Nevertheless, the district court erred for two independent reasons when it granted Nora Moran a judgment of acquittal on counts two and three. To begin with, without regard for what transpired on January 15, 1987, a rational trier of fact could have found that Nora Moran, who admitted to Ragalevsky and Adams that she was aware of her husband’s outside dealings and arrangements concerning the projects prior to the consummation of the transactions at issue, chose not to disclose the conflicts to the appropriate bank officials in her capacity as bank director because she anticipated that a financial windfall would accrue to her husband (and by extension to her) should the loans be approved and feared that a disclosure would undermine the approval process.

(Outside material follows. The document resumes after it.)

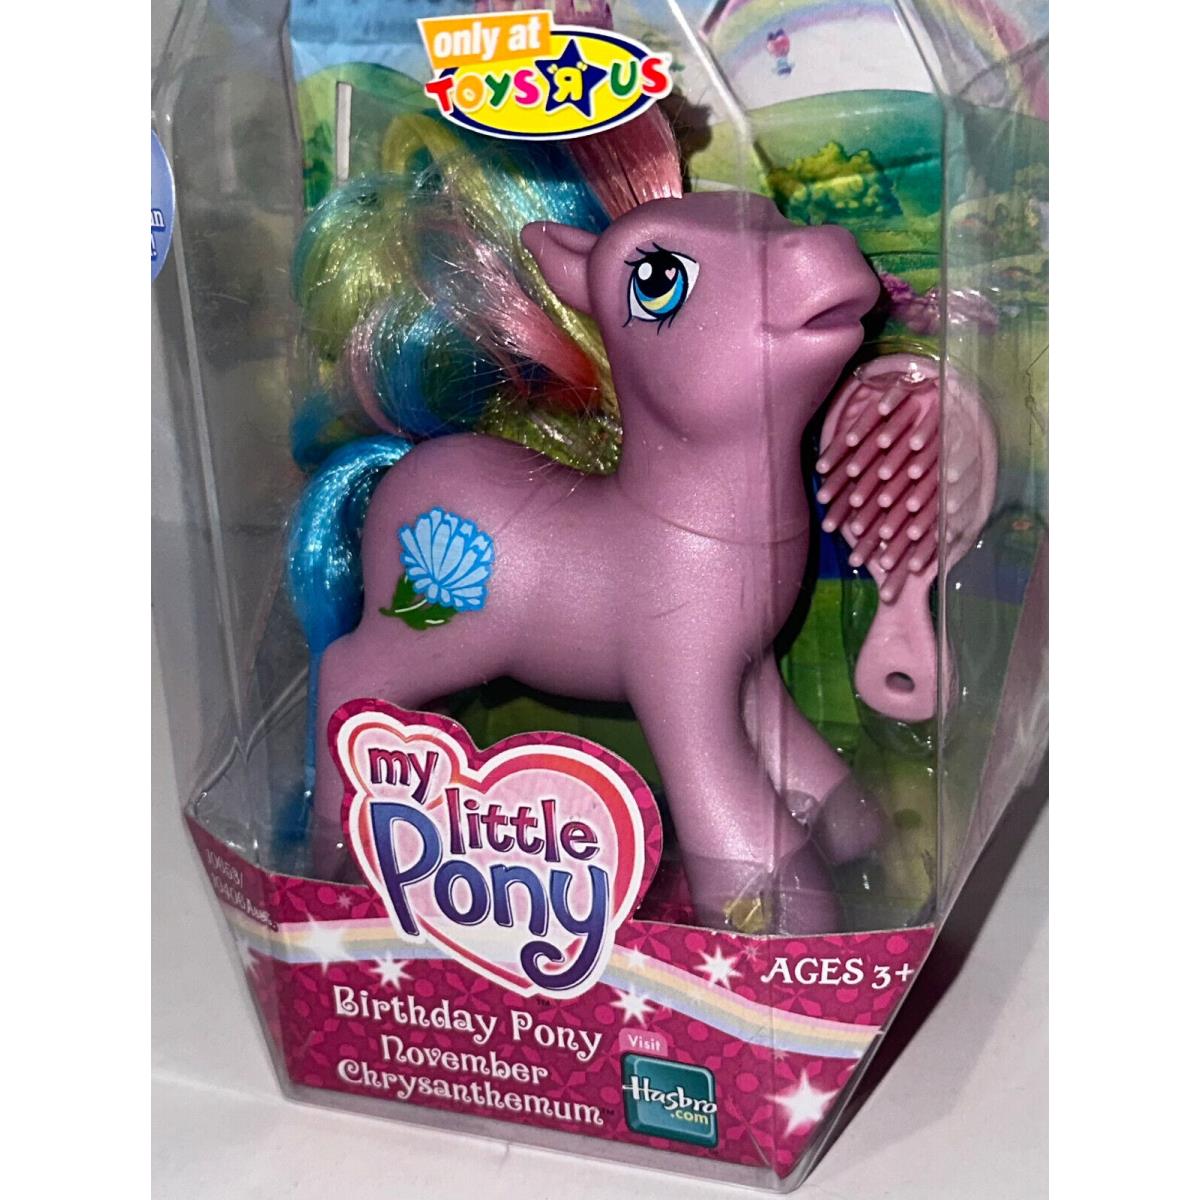 My Little Pony G3 November Chrysanthemum Birthday Pony Toys R US Exclusive

Moreover, there was significant evidence tending to establish Nora Moran’s knowing, active participation in the fraudulent scheme: Nora Moran accompanied her husband, Puente, Boersner, Noke, and a construction inspector to visit the project sites in November 1986 before the loan applications were submitted as proposals or approved; a mere two days before the Executive Committee approved the loans, she signed the papers establishing the MDG Trust which functioned as a repository for the 20% interest in the profits generated by the Puente/Boersner development projects; John Moran’s secretary, Elizabeth Longo, ordinarily served as a trustee for his real estate transactions, suggesting that such a break from routine likely would have sparked a modicum of inquiry from Nora Moran as to the purpose for the formation of MDG; John and Nora Moran shared financial matters, including filing joint tax returns and transferring funds between their separate business ventures; and, Nora Moran was an astute real estate broker and bank director familiar with the affirmative duties of disclosure governing fiduciaries when confronted with bank transactions that affected them personally.

Considered together, the foregoing facts justified a conclusion that Nora Moran knew of her husband’s stake in the outcome of the loans and understood that federal banking regulations, First American’s Code of Professional Ethics, and her common-law fiduciary status as a bank director required her to make the appropriate disclosures. Nevertheless she chose not to divulge the information to maintain the false impression that the loans were not tainted or suspect in any significant way.

We recognize, as emphasized by the district court, that Nora Moran’s conduct may not have directly induced First American to allocate the $17 million in loans to Puente and Boersner or otherwise have influenced anyone involved in the lending decision-making process. However, a finding that her conduct had such an impact was not required for a conviction of bank fraud in this case. See, e.g., Kenrick, 221 F.3d at 29 (actual reliance by the bank “plainly ha[s] no place in the federal fraud statutes”) (quoting Neder v. United States, 527 U.S. 1, 25, 119 S.Ct. 1827, 1841, 144 L.Ed.2d 35 (1999)). Nor, as Nora Moran suggests is the case, could the evidence establish only that she breached nothing more than a fiduciary duty owed to First American which conduct, standing alone, purportedly cannot constitute bank fraud as a matter of law. Rather, the evidence supported a conclusion that Nora Moran knowingly executed the scheme to defraud First American through her deceptive acts (for example, signing the trust documents for the entity holding the 20% profit interest) and omissions (deliberately concealing information that might have delayed or terminated the loan review process) and therefore was a sufficient basis on which the jury could convict her for bank fraud.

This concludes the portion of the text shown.